_About this task_
Give the number of lines in these entries that contain the string "White", with no further comment.

_The records_
§

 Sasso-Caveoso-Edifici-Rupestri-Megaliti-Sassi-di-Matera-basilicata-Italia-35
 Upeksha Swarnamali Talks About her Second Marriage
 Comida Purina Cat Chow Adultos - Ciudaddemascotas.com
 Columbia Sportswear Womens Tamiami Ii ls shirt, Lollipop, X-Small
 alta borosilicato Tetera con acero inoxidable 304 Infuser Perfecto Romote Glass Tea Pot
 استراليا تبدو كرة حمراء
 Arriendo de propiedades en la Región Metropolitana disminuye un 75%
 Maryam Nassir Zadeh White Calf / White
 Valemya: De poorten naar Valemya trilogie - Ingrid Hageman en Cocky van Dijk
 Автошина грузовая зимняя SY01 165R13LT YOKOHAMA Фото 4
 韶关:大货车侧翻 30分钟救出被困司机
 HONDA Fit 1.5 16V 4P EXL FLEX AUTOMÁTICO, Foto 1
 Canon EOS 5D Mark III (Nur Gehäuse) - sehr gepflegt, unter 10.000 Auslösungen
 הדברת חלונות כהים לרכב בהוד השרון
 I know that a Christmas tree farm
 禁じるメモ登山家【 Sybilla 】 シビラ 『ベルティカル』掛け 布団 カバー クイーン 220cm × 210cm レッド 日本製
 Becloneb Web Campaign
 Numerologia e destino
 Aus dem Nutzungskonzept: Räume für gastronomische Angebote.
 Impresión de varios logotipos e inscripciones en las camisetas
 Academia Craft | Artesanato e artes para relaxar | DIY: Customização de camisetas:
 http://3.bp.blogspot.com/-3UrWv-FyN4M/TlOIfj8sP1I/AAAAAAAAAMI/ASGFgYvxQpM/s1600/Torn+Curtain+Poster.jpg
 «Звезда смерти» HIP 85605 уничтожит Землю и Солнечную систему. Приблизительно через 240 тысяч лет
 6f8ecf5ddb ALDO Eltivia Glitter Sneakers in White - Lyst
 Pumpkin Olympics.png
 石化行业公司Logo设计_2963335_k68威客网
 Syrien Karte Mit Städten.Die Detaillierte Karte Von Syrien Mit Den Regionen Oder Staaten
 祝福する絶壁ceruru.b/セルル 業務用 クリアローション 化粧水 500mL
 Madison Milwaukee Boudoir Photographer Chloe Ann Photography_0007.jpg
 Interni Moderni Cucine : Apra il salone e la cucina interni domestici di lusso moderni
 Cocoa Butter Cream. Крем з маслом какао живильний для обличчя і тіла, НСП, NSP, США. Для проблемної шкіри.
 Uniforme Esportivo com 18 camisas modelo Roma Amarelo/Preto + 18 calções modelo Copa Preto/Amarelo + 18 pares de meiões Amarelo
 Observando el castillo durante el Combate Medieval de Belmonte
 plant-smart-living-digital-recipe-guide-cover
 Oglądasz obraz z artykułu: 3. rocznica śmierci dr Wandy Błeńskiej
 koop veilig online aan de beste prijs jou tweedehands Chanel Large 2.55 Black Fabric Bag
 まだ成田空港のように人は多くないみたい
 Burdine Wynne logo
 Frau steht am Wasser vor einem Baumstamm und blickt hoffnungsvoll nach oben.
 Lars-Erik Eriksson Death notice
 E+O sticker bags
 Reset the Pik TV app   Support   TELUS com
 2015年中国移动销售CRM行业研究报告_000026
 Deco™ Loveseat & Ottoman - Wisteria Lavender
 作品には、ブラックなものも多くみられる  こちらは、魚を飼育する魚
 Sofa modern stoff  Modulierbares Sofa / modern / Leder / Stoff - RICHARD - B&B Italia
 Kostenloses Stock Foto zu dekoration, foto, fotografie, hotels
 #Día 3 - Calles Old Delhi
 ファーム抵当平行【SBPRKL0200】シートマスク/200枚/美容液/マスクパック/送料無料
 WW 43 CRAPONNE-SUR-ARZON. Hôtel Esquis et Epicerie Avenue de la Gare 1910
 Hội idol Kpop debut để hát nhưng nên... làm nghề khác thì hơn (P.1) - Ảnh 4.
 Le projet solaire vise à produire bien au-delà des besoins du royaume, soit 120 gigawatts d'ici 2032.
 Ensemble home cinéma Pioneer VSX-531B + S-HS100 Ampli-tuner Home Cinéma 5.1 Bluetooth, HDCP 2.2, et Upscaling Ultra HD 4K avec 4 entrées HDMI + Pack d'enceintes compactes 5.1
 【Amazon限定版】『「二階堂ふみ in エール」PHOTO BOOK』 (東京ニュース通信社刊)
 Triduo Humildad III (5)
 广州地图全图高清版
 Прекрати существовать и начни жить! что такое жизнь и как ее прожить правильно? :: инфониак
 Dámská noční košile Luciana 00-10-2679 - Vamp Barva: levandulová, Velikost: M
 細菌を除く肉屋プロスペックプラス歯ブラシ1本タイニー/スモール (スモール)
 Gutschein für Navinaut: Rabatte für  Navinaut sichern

§

_Output of the task_
2